С упражнениями от фитнес-эксперта Алиссы Браун до фигуры вашей мечты: Этот короткий цикл тренировок гарантированно приведет все ваше тело в отличную форму!
Эта быстрая и сложная тренировка в буткемпе от фитнес-директора Алиссы Браун гарантированно заставит вас вспотеть, сердце колотиться и, возможно, болеть на следующий день. Для выполнения последовательности упражнений для всего тела вам понадобятся скакалка, медицинский мяч, мяч BOSU и скамья.
1.
Встаньте справа от скамьи и крепко возьмитесь обеими руками за одну сторону скамьи. Опираясь на руки, наклоните верхнюю часть тела вперед и подпрыгните на другую сторону скамьи, поставив ноги вместе. Когда вы подпрыгиваете, ваши бедра поднимаются вверх. Повторяйте это движение попеременно в течение одной минуты. Если это слишком утомительно для вас, вы можете перелезть через скамью и постоянно держать одну ногу на земле.
2. Шаги аиста
Сцепите руки за головой. Локти направлены наружу, спина прямая, лопатки сведены. Поднимите правое колено под углом 90 градусов так, чтобы вы балансировали на левой ноге. Теперь сделайте шаг вперед. Поднимите левое колено на 90 градусов, балансируйте на правой ноге и сделайте шаг вперед. Все тело напряжено. Шагайте по фантастической линии в течение минуты, делая эти «шаги аиста».
б) Верхняя часть тела Затем повторите в быстром чередовании с левой ногой, а затем снова с правой. Мышцы живота напряжены, бедра не опускаются и не вращаются. Начинайте с медленных шагов.
3. Альпинист
Встаньте в исходное положение для отжимания. Плечи находятся чуть выше рук. Теперь подведите правое согнутое колено вперед к груди, при этом пальцы правой ноги должны касаться земли. Верните ногу в положение планки и поменяйте ноги. Повторяйте это движение поочередно в течение минуты. Вы можете постепенно ускорять движение, пока не почувствуете, что бежите на месте.
4. Боковые приседания
Поставьте левую ногу на середину мяча Bosu, правая нога параллельно левой на полу. Перейдите в положение приседа, ягодицы вытянуты назад, верхняя часть тела слегка наклонена вперед.

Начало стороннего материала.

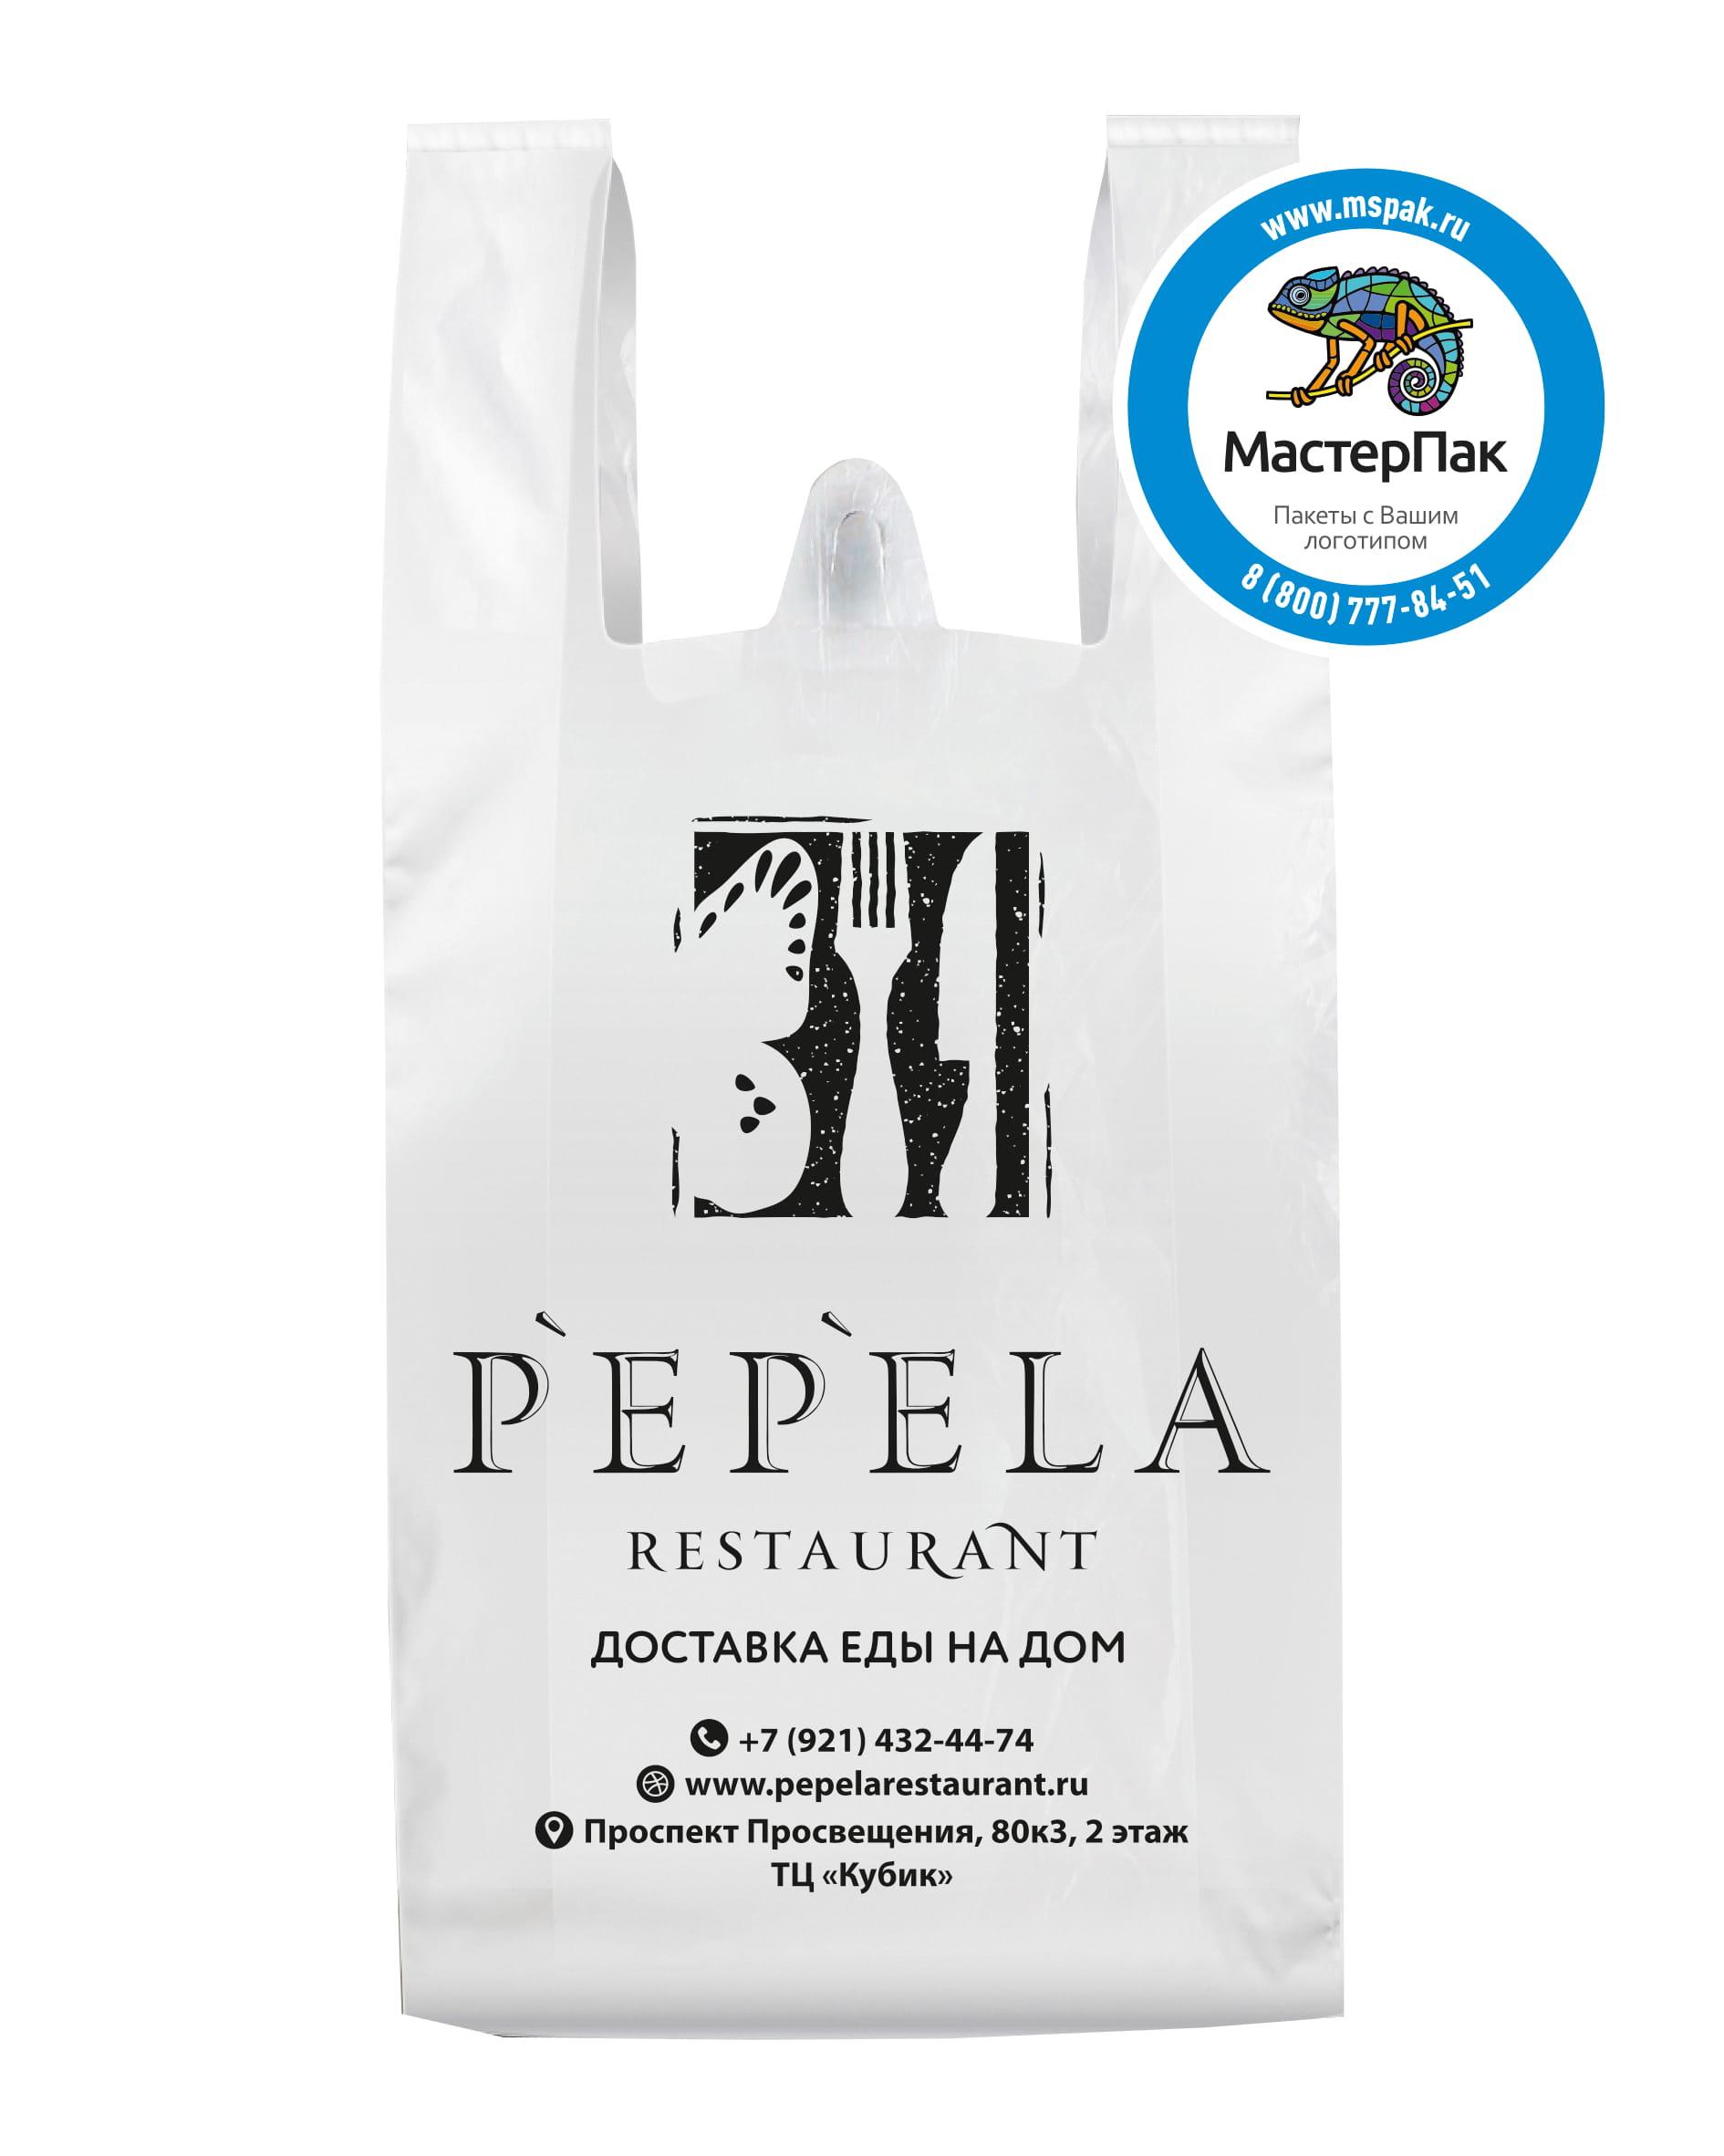 Пакет-майка ПНД, белый, с логотипом ресторана Pepela, 25 мкм, 40*60, Спб

Следите за тем, чтобы спина оставалась прямой.
Для большего равновесия скрестите руки перед грудью, локти направлены наружу. Быстрым движением перепрыгните на другую сторону мяча так, чтобы ваша левая нога оказалась на мяче Bosu, который сейчас находится прямо на полу. Снова наклонитесь вперед. Чередуйте эти боковые прыжки в течение одной минуты.

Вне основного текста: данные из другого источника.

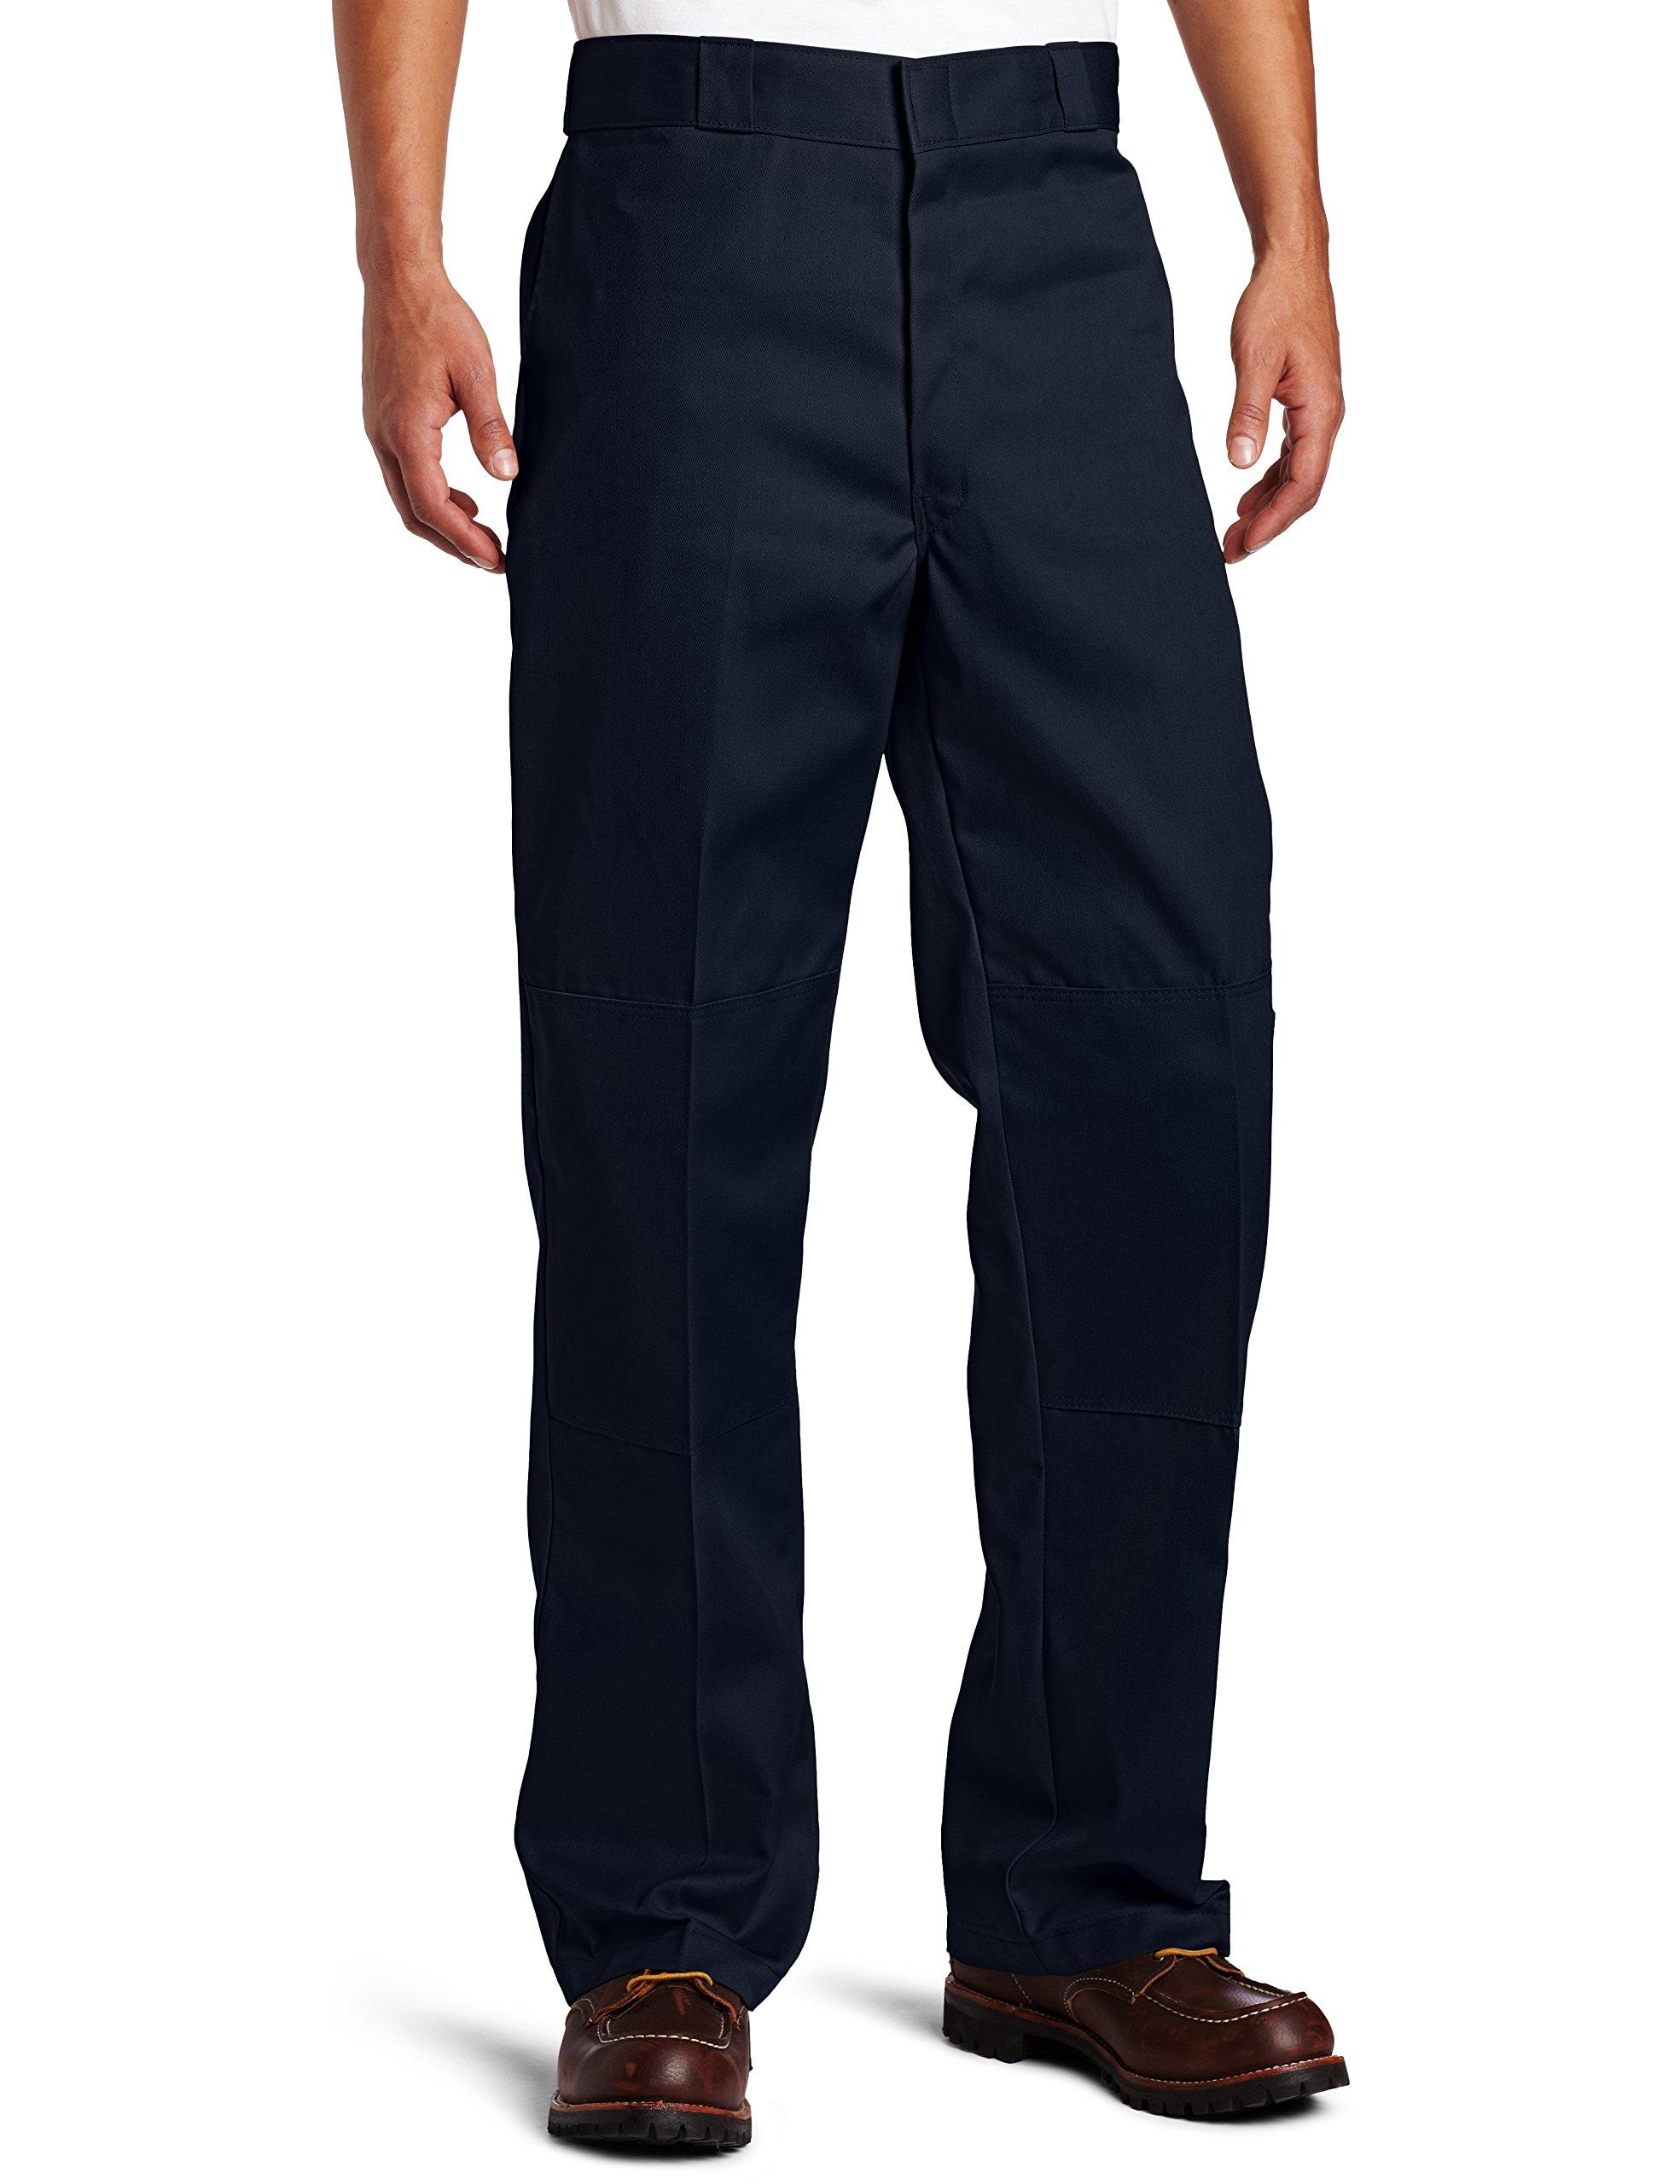 Dickies Men's Loose Fit Double Knee Twill Work Pant, Dark Navy, 40W x 30L

б) Поменяйте сторону. И в следующий раз налево.
5. Прыжки со скакалкой
Возьмите скакалку и прыгайте в течение одной минуты.
6. Сидячая стена
Прислонитесь спиной к стене, ноги на расстоянии около 60 см перед телом и на ширине бедер друг от друга.
Встаньте на колени и скользите вверх по стене, пока колени не согнутся под углом 90 градусов.
Колени должны находиться над лодыжками и быть направлены не слишком далеко наружу или внутрь. Вдавите вес тела в пятки и прижмитесь нижней частью спины к стене. Расслабьте верхнюю часть тела, сделайте глубокий вдох и задержитесь в этом положении на одну минуту.
7. Стоячая древесина
Просто встаньте, ноги чуть дальше ширины бедер, колени слегка согнуты. Обеими руками возьмите медицинский мяч (2, 5 — 5 кг), который перекиньте через левое плечо, вытянув руки в стороны. Теперь опустите мяч по диагонали через все тело на правое колено. Вы также можете легко опуститься на колени. Представьте, что вы валите живую древесину — мяч будет вашим топором. Движение должно быть сильным, но контролируемым. Теперь верните мяч в исходное положение. Выполняйте движение в одном направлении в течение 30 секунд, а затем 30 секунд в другом.